In conversation with Stormy Chamberlain, PhD On our virtual tour through the Angelman community, we stopped at the University of Connecticut to meet Stormy Chamberlain, PhD. In 2009 she established her own lap at Uconn, focused on human imprinting disorders, such as Angelman syndrome. With good reasons she is member of ASF Scientific Advisory Committee, because time and again she surprises the community with groundbreaking insights. Especially her research dealing with pluripotent stem cells usher in a new era of Angelman drug development. High time for us to inquire more precisely …
When did you first come into contact with Angelman syndrome? What makes AS so special from a scientific point of view?
I first became aware of Angelman syndrome as a PhD student at the University of Florida in 1997. My thesis project involved finding the genes important for Prader- Willi syndrome using a mouse model, and I had to learn about and understand the reciprocal regulation of paternal and maternal copies of chromosome 15q.
What makes Angelman syndrome interesting for you from a scientific point of view?
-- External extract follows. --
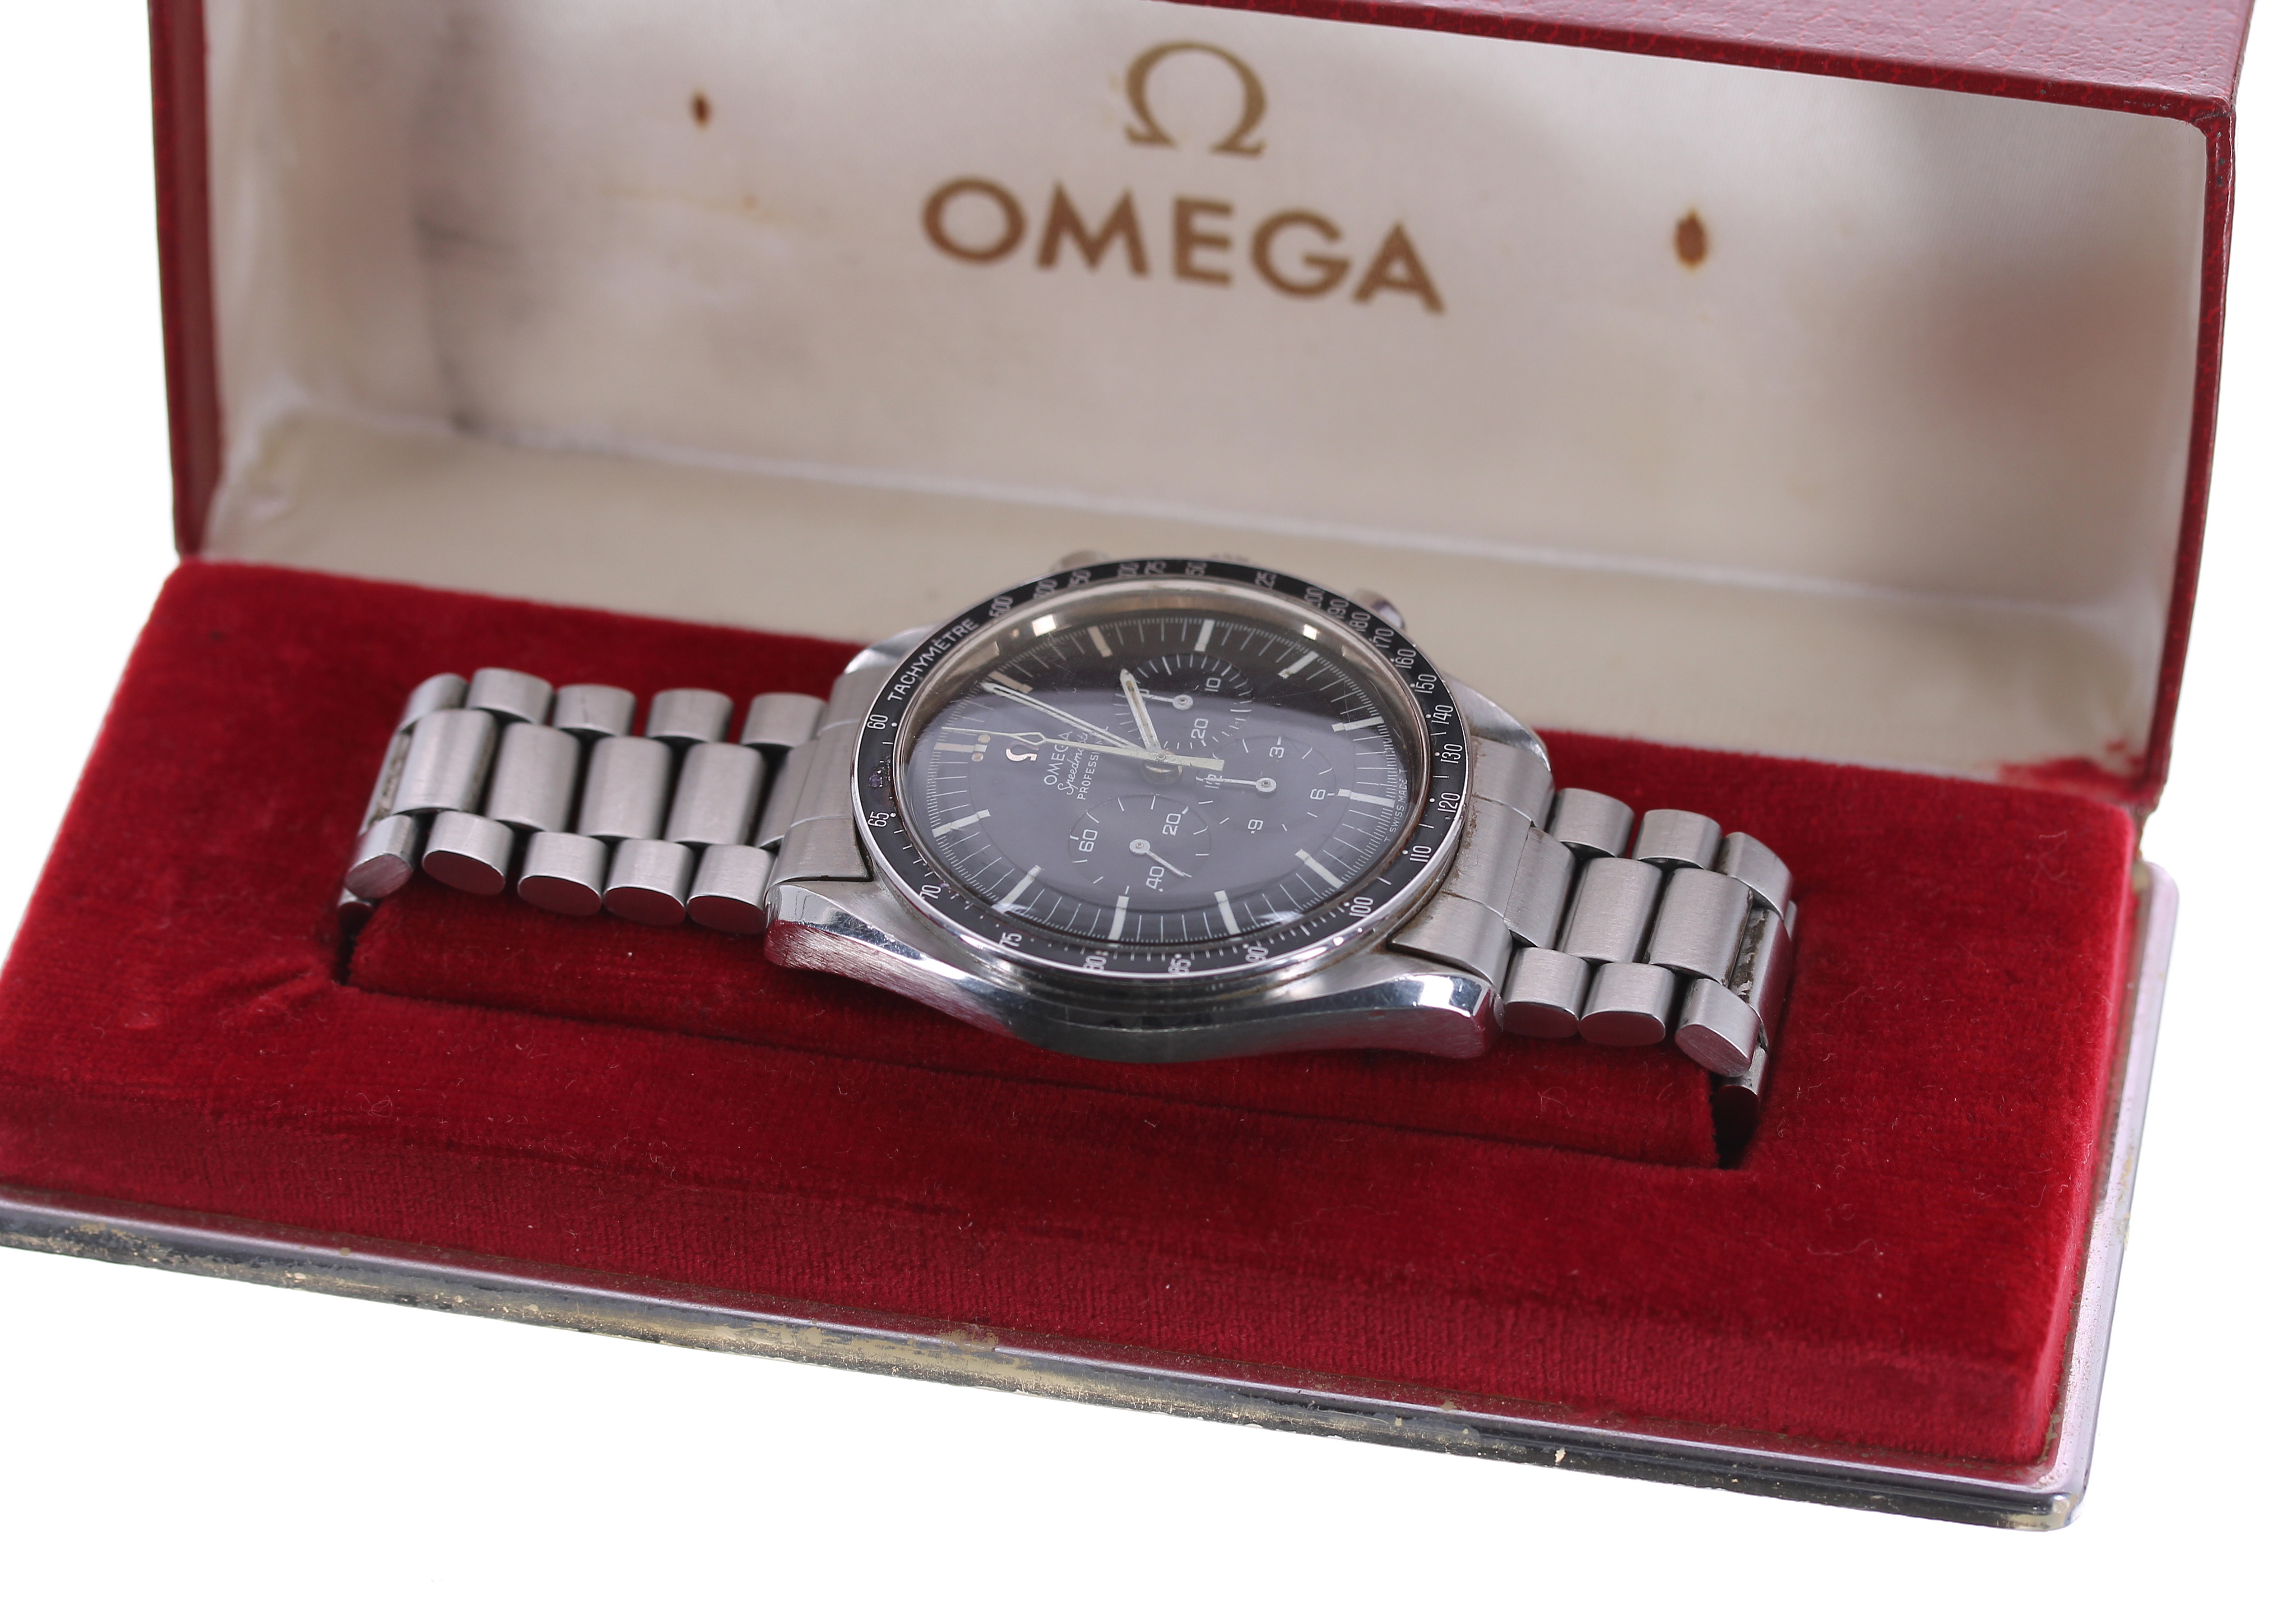 The Omega Speedmaster in its casewatch

I have always been intrigued as to why evolution chose to turn off one of the copies of a gene that is so important for normal development. All placental mammals imprint UBE3A and it’s not clear why. One might argue that the dose of the gene is super important, but actually, expression from the maternal copy of UBE3A is increased over the course of neurodevelopment, just as the paternal copy is getting silenced, so the dosage argument doesn’t make a lot of sense. Although every placental mammal imprints UBE3A, there are subtle differences in how it achieved as well. This means that the imprinting is important, but evolution has come up with some slightly different ways to achieve it. I just think that the complexity of how this all happens is so interesting, and can reveal lessons that can be applied to other genes in the genome.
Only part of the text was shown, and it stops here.